DATASET EXCERPT:
*** Block opens ***
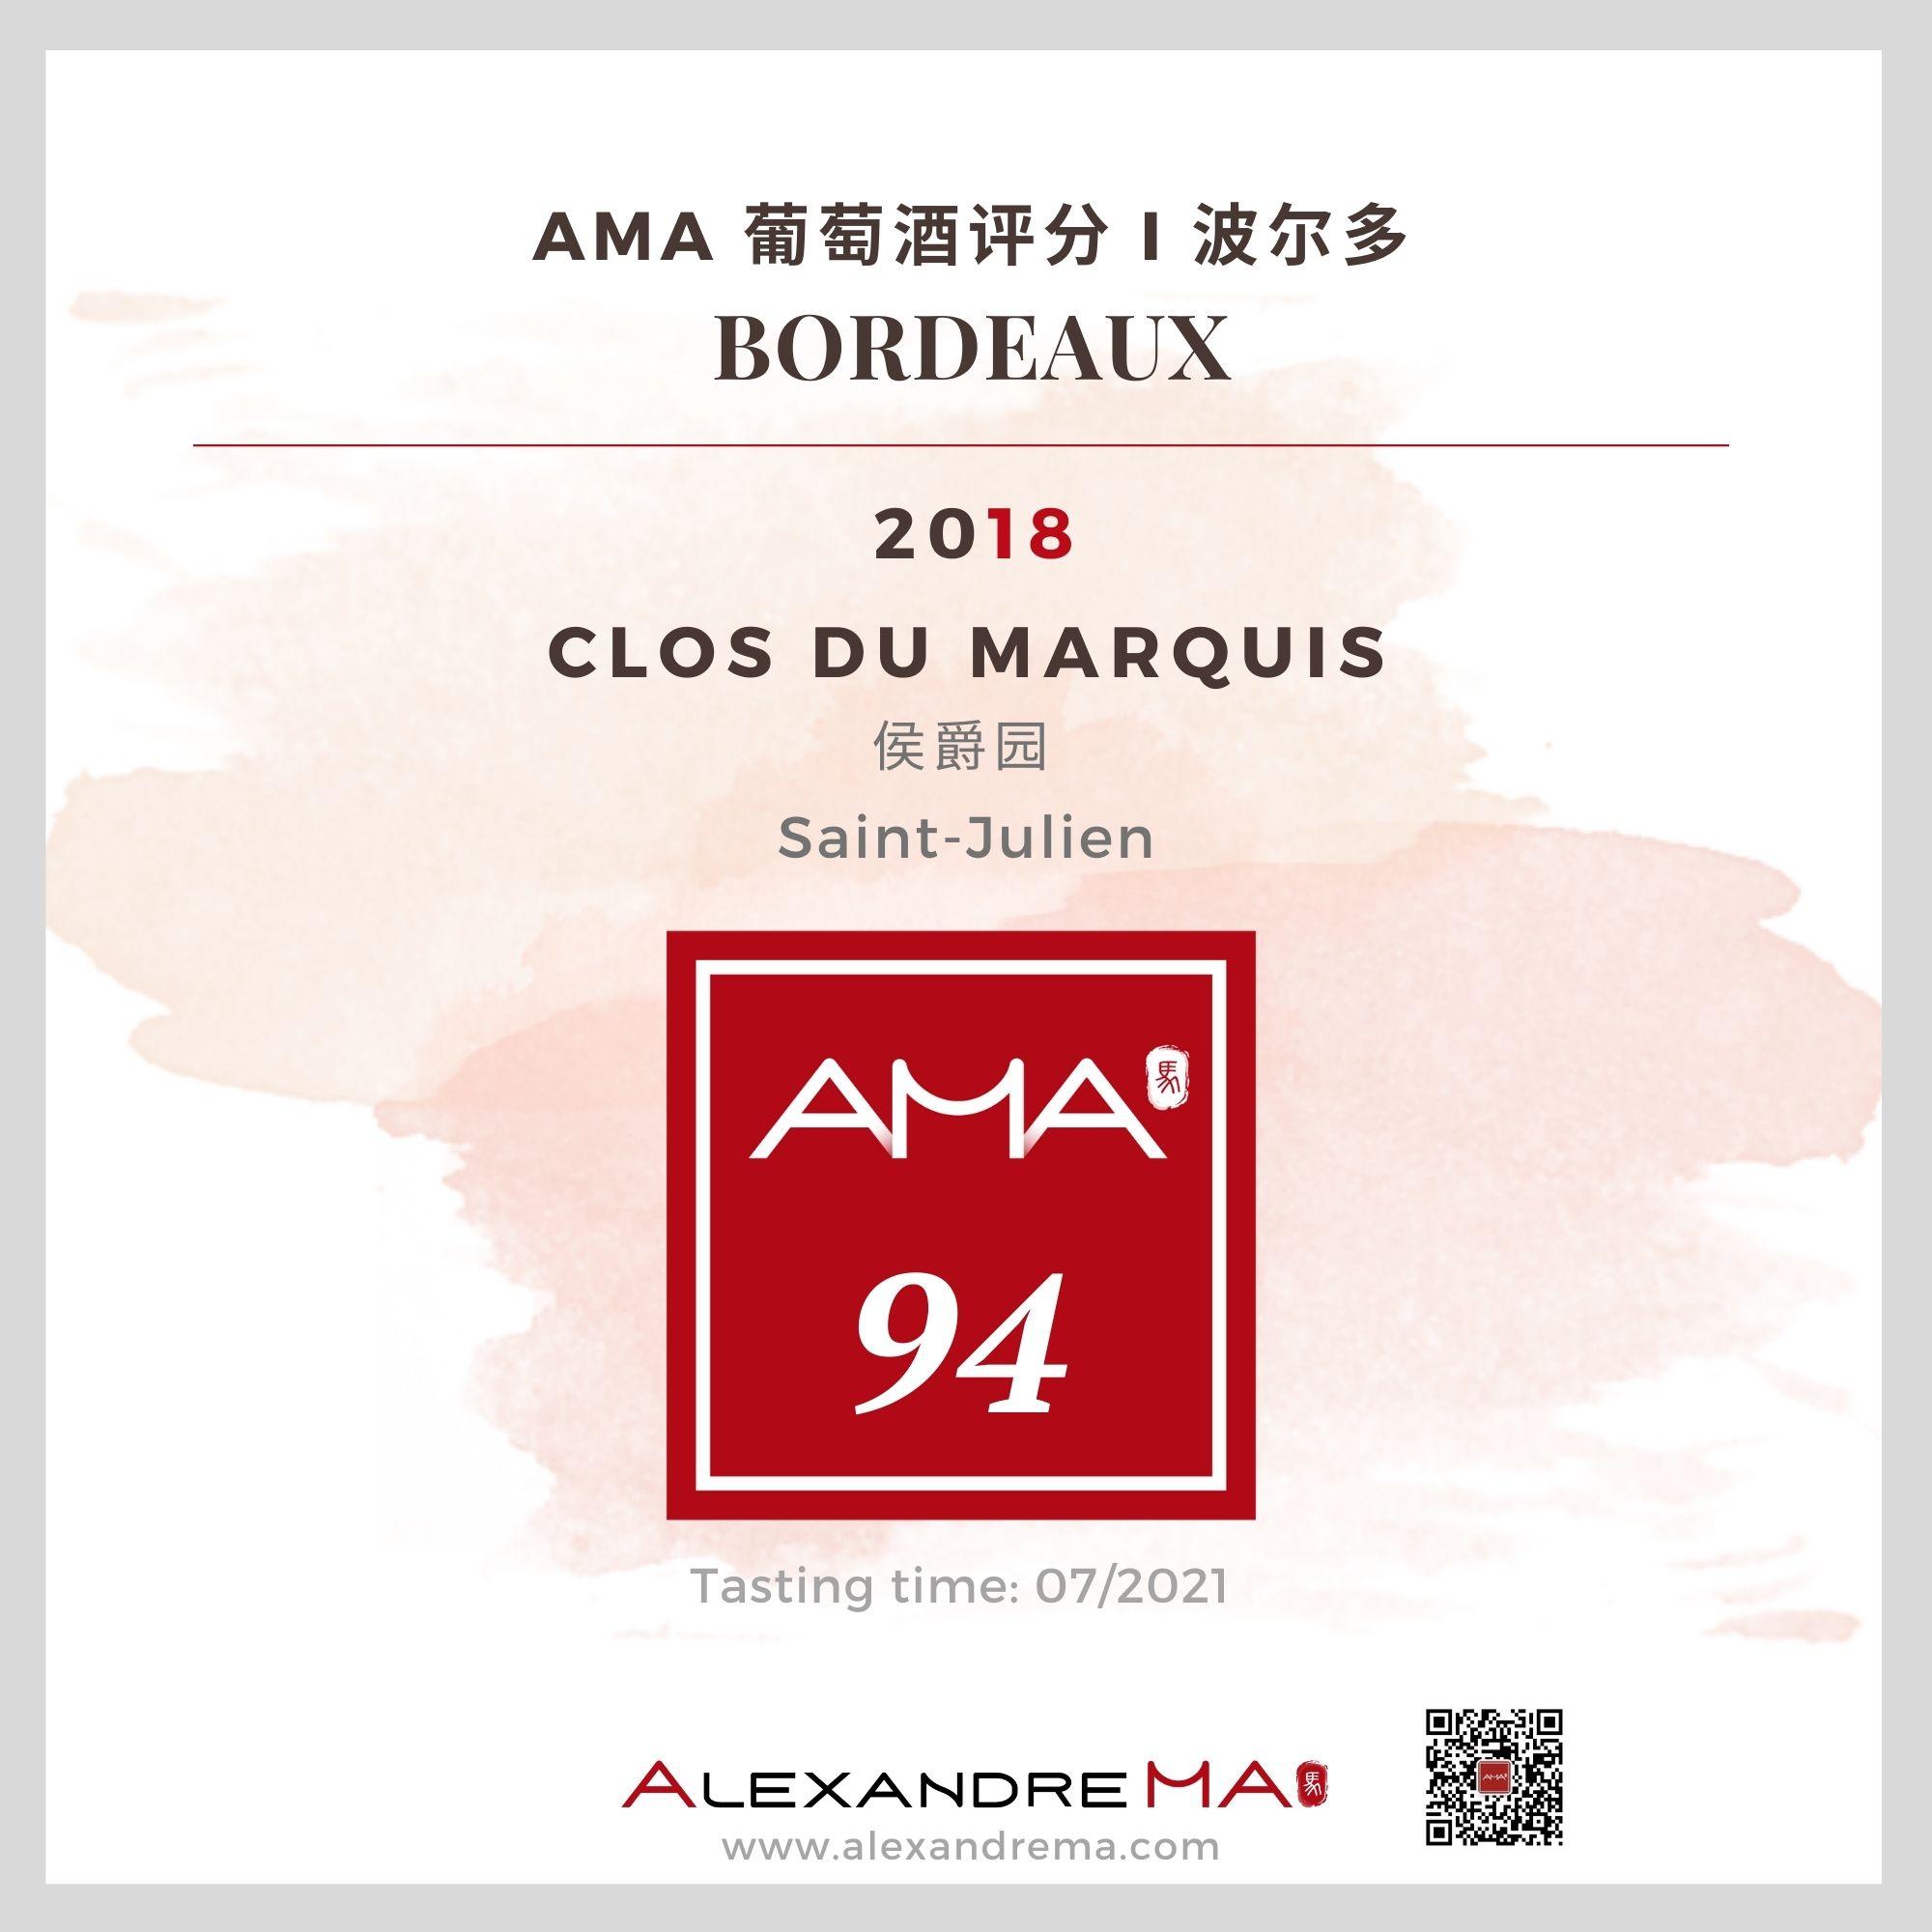 Clos du Marquis 2018 - Alexandre MA
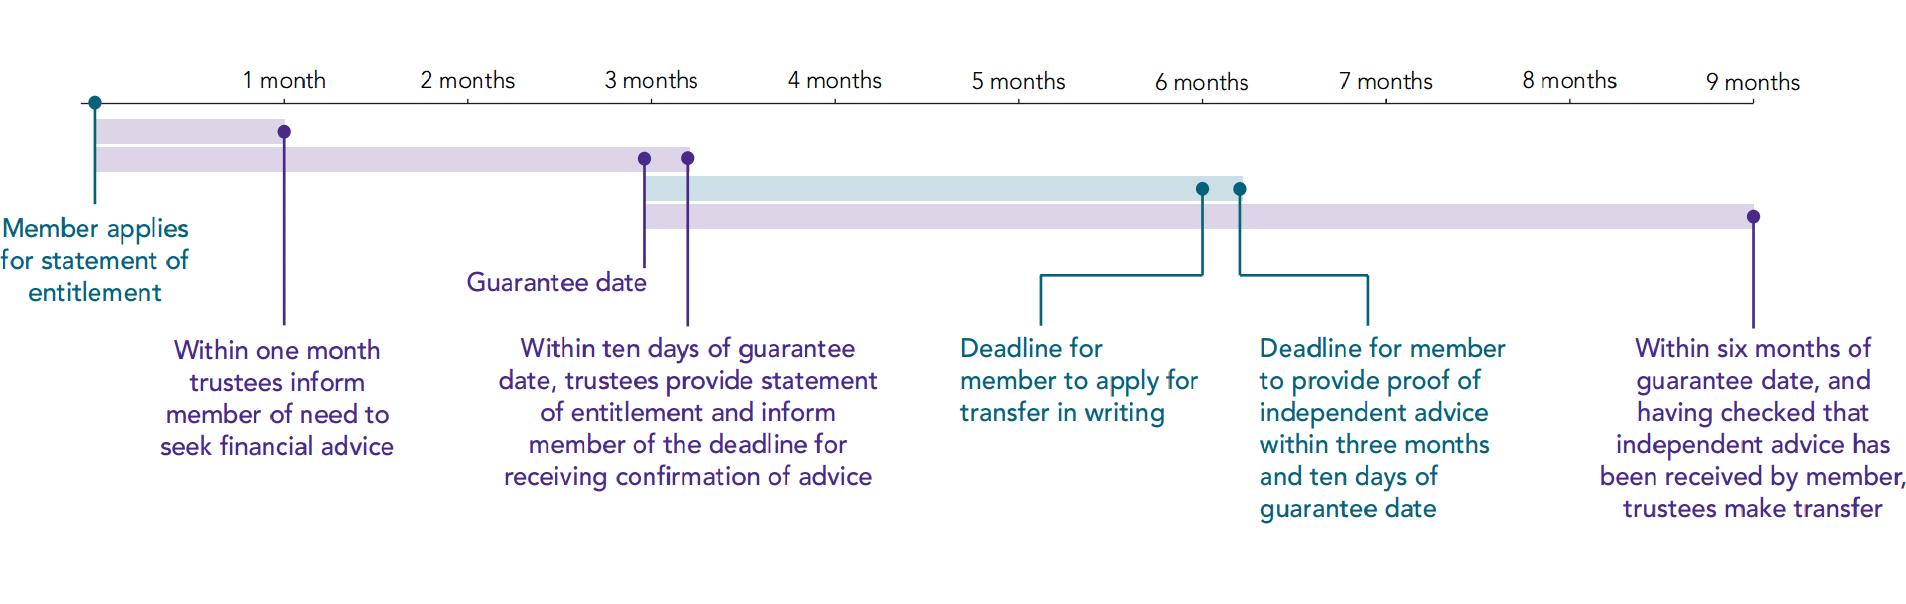 timeline-statutory-transfers-2015
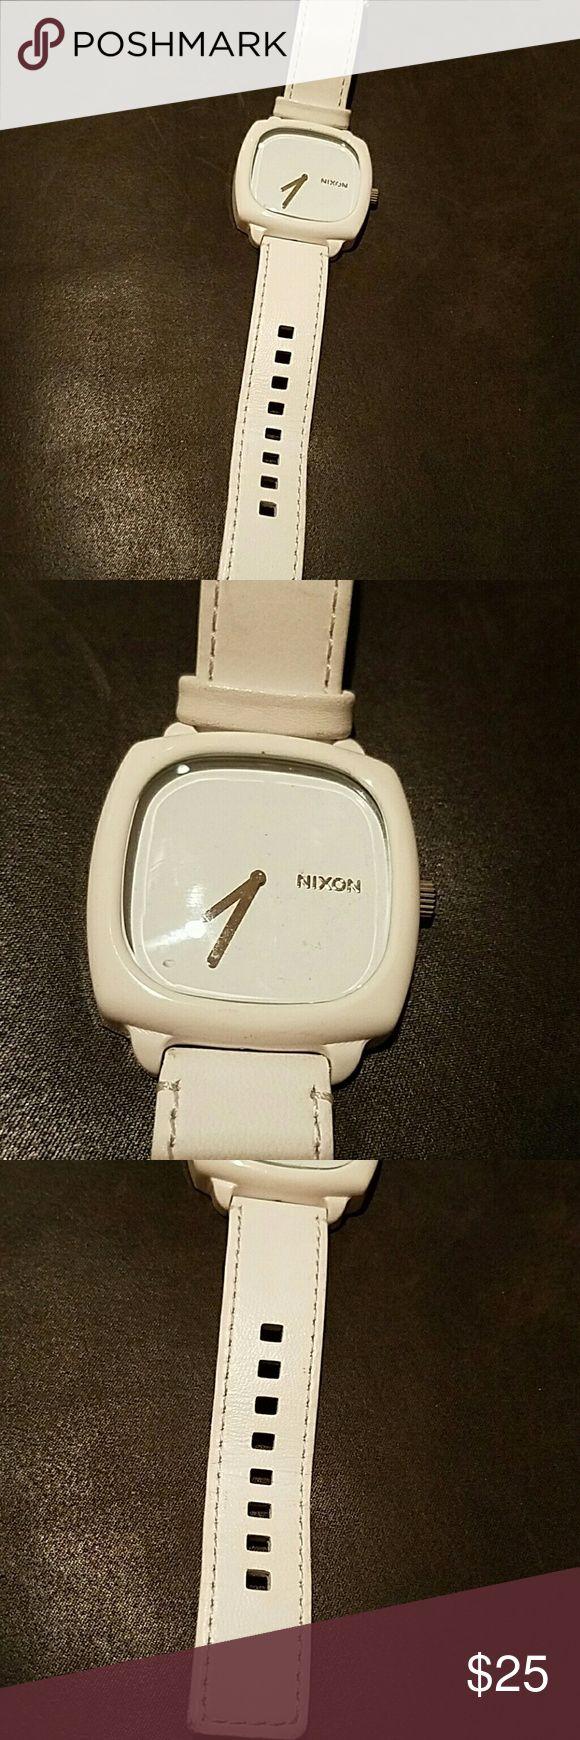 Nixon shutter watch Excellent condition white Nixon women's watch no box  needs new battery Nixon Accessories Watches
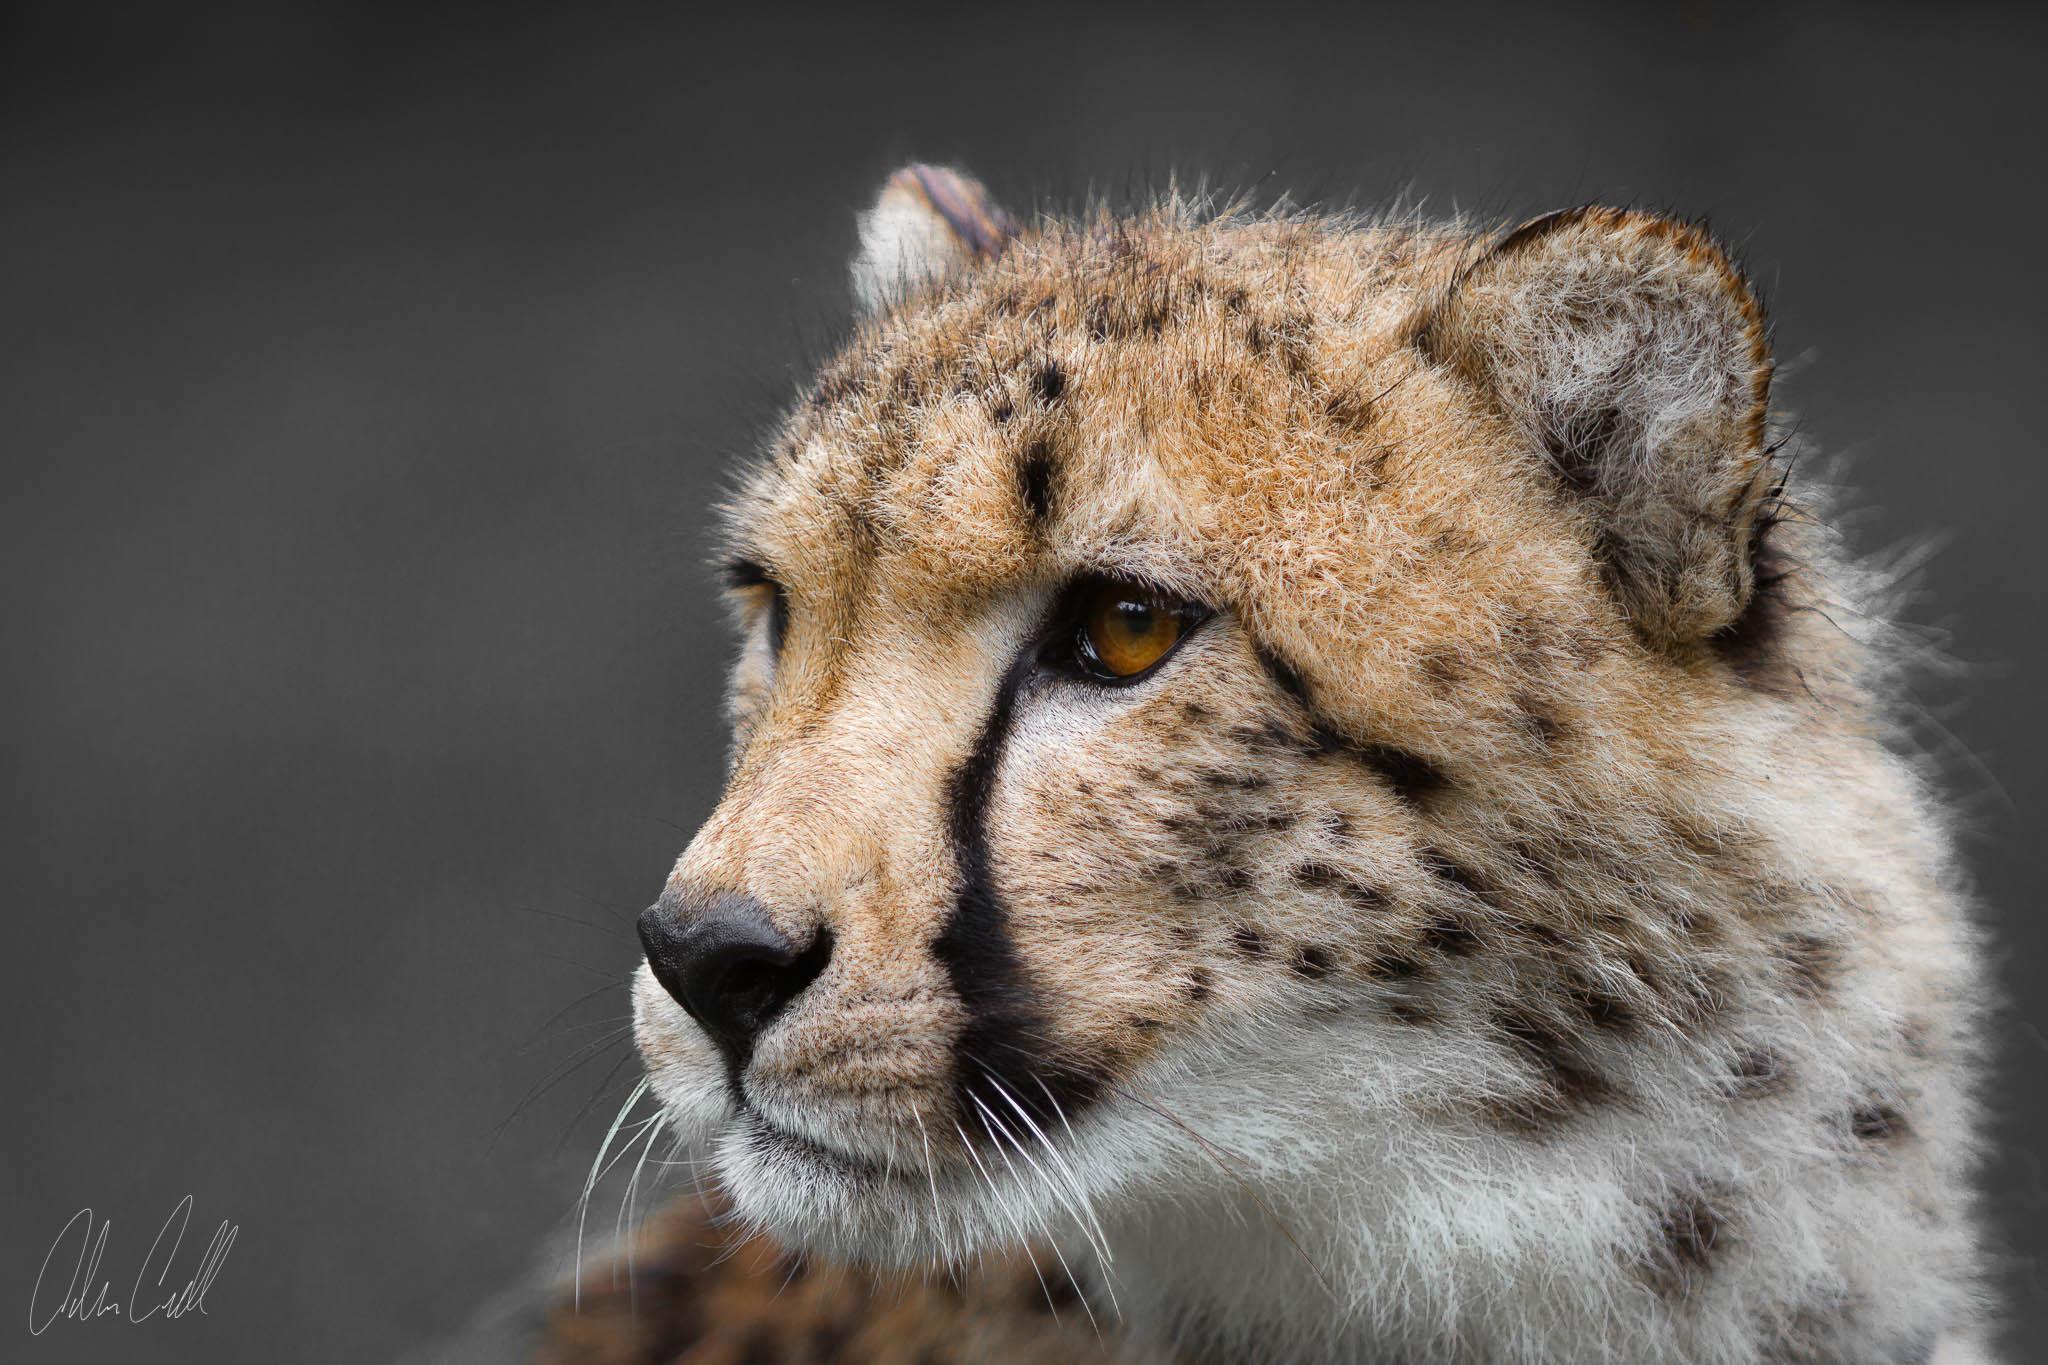 Cheetah #20130527_0059-3
*** Block closes ***
TASK OBJECTIVE:
All of the lines above should be copied exactly, apart from the pictures.

SOLUTION FOR THIS EXERCISE:
 Clos du Marquis 2018 - Alexandre MA
 timeline-statutory-transfers-2015
 Nixon shutter watch Excellent condition white Nixon women's watch no box  needs new battery Nixon Accessories Watches
 Cheetah #20130527_0059-3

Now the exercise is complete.